Enter the sepal length (cm):  5.1
Enter the sepal width (cm) :  3.5
Enter the petal length (cm):  1.4
Enter the petal width (cm):  0.2


The species is Setosa




# 6.Using Naive Bayes

In [166]:
#import libraries
from sklearn.naive_bayes import GaussianNB

In [167]:
x_train,x_test,y_train,y_test=train_test_split(x,y,test_size=0.25)

In [168]:
nbmodel=GaussianNB()
nbmodel.fit(x_train,y_train)

In [169]:
#accuracy
nbacc=nbmodel.score(x_test,y_test)
print("Accuracy of model:{0}%".format(nbacc*100))
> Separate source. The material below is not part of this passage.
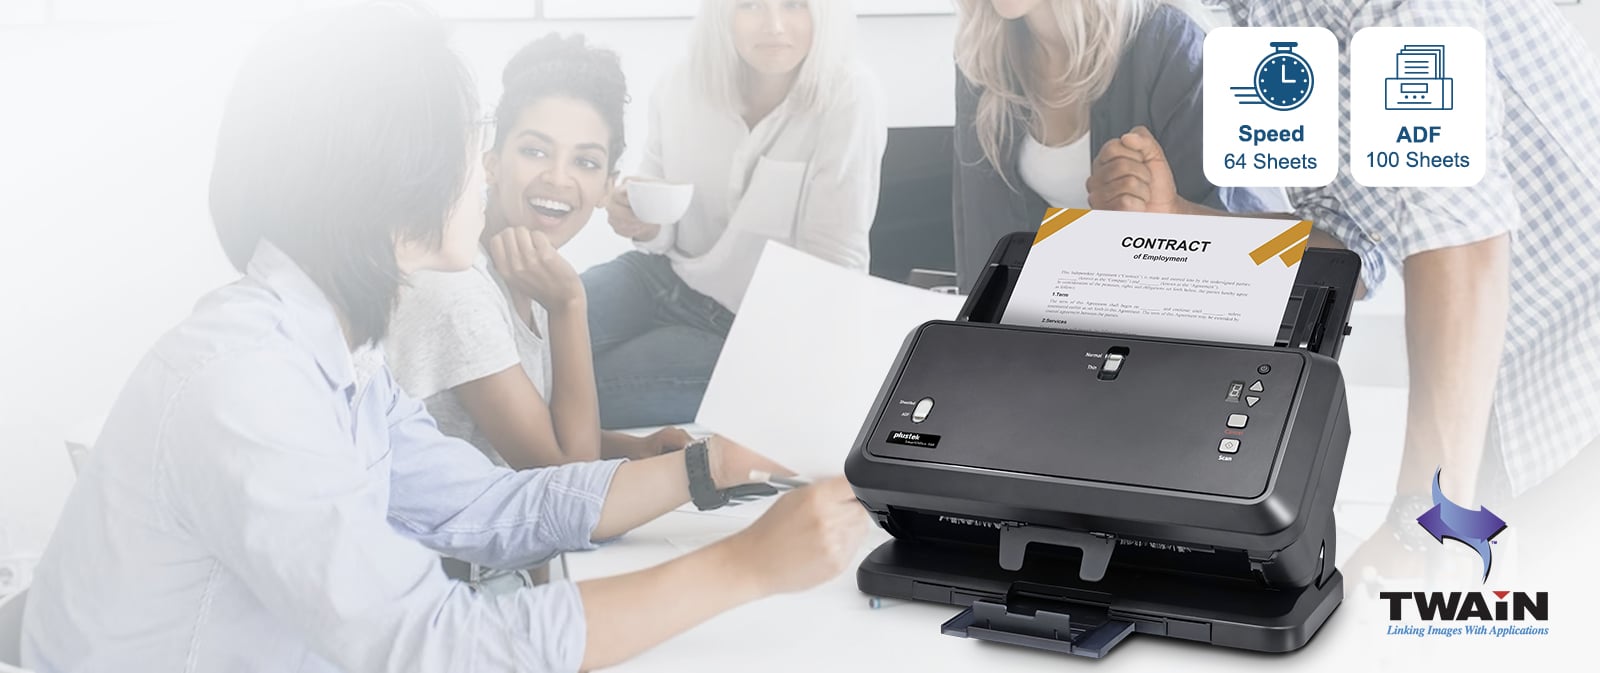 Scanner with a speed of 64 pages per minute, capable of scanning up to A3 size, and TWAIN compliant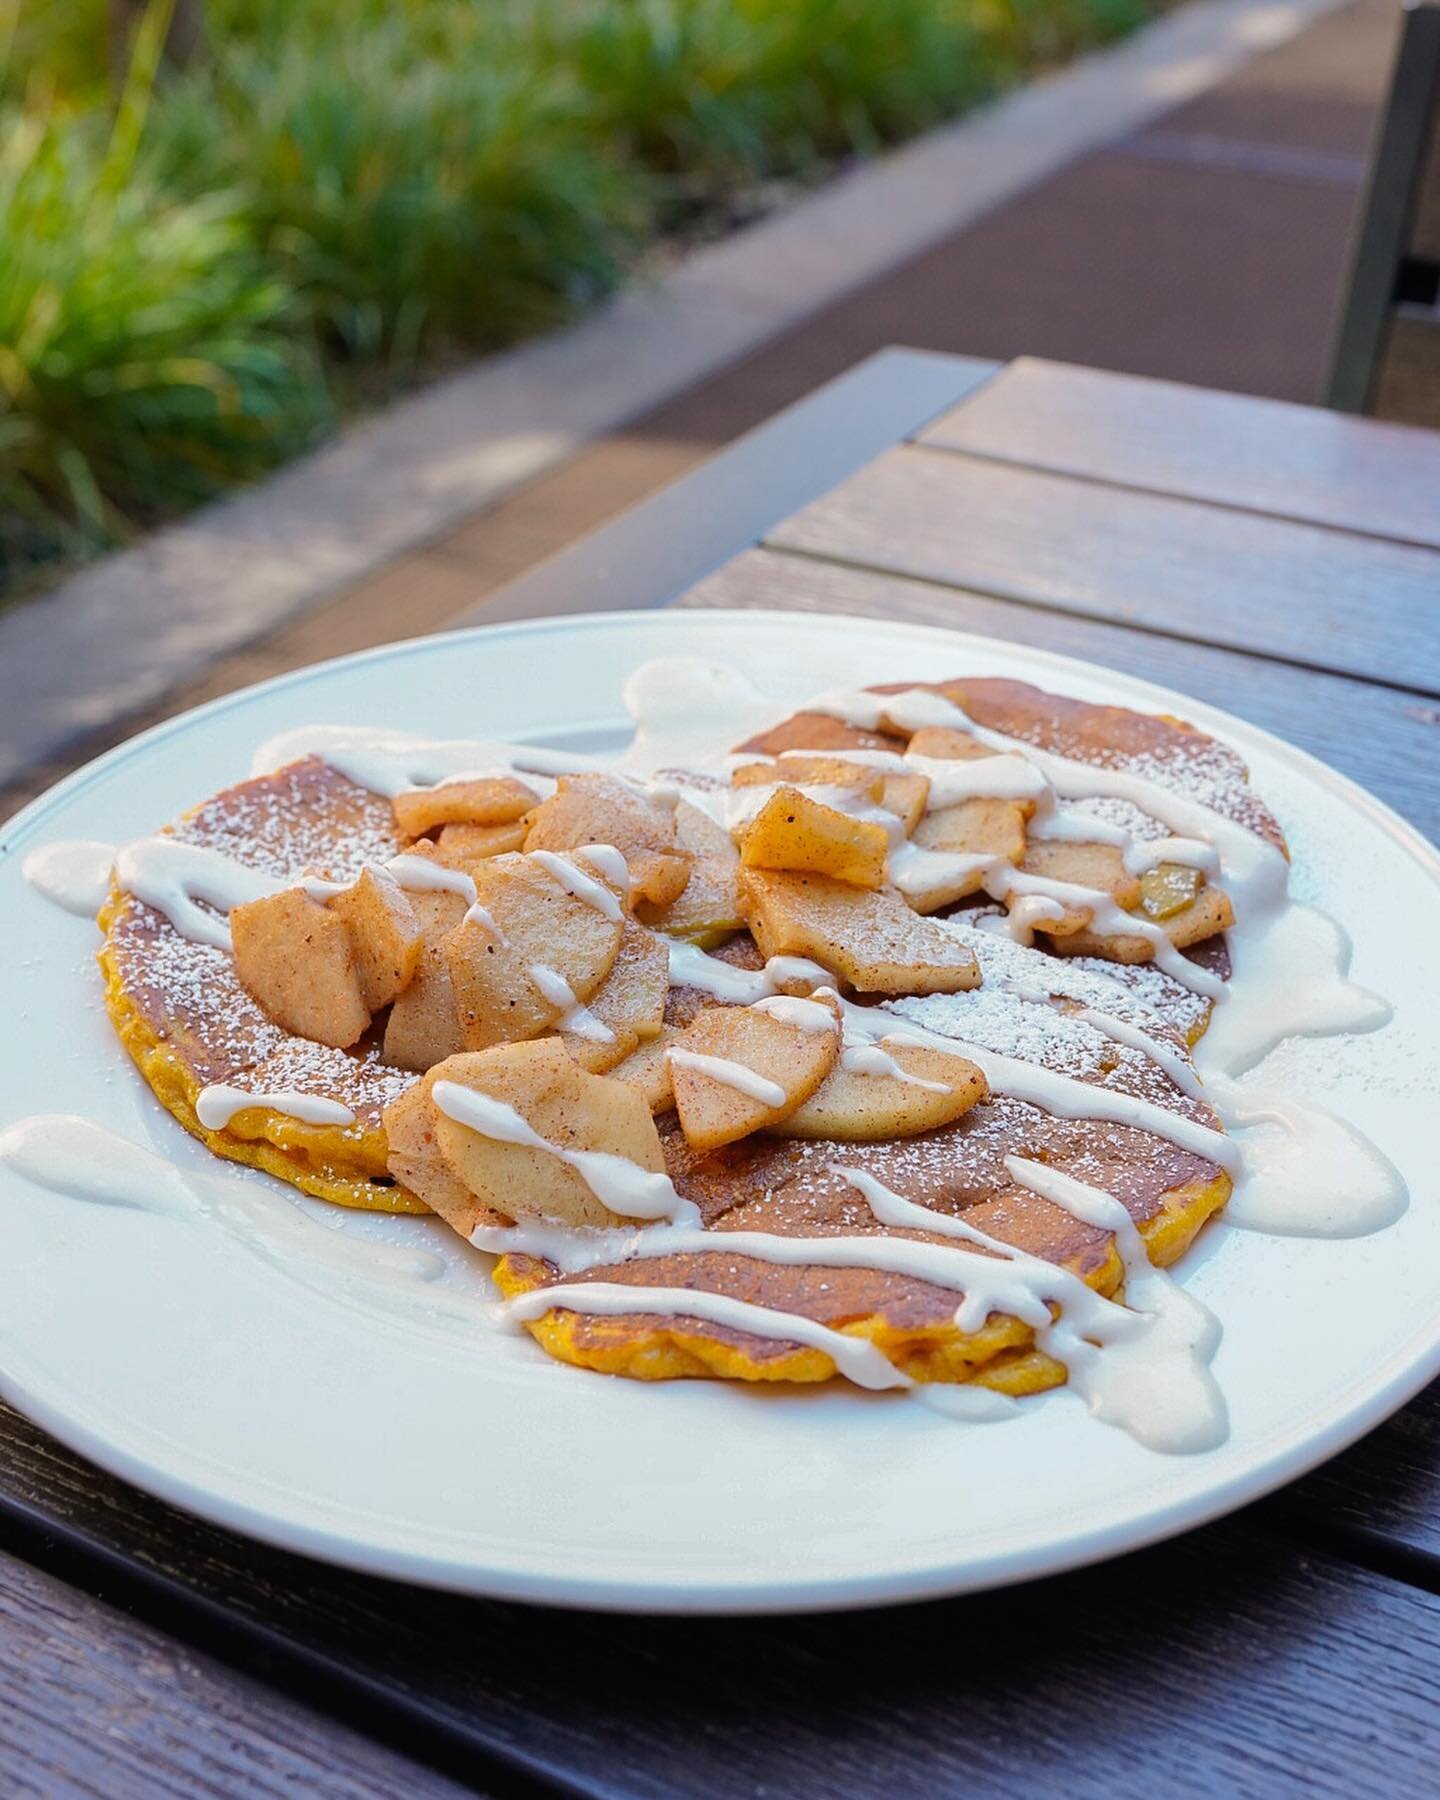 Pumpkin Pancakes + Spiced Apples + Cream Cheese Frosting 🎃🍂 Available on our breakfast specials for a limited time!

Accuracy of model:92.10526315789474%


In [170]:
#predict the class of species

sle=float(input("Enter the sepal length (cm): "))
swi=float(input("Enter the sepal width (cm) : "))
ple=float(input("Enter the petal length (cm): "))
pwi=float(input("Enter the petal width (cm): "))

value=[[sle,swi,ple,pwi]]

result=nbmodel.predict(value)
if result[0]==0:
    print('The species is Setosa')
elif result[0]==1:
    print('The species is Versicolr')
else:
    print('The species is Virginica')

Enter the sepal length (cm):  6.7
Enter the sepal width (cm) :  3
Enter the petal length (cm):  5.2
Enter the petal width (cm):  2.3


The species is Virginica




# Result Analysis

1. The Logistic Regression Model Has 97.77% accuracy in predicting the class successfully.

2. The KNN Model Has 91.11% accuracy in predicting the class successfully.

3. The SVM Model Has 92.10% accuracy in predicting the class successfully.

4. The Decision Tree Model has 94.73% accuracy in predicting the class successfully.

5. The Random Forest Model has 97.36% accuracy in predicting the class successfully.

6. The Naive Bayes Model has 92.10% accuracy in predicting the class successfully.

The Logistic Regression Model(97.77%) has the highest accuracy from overall ML Models.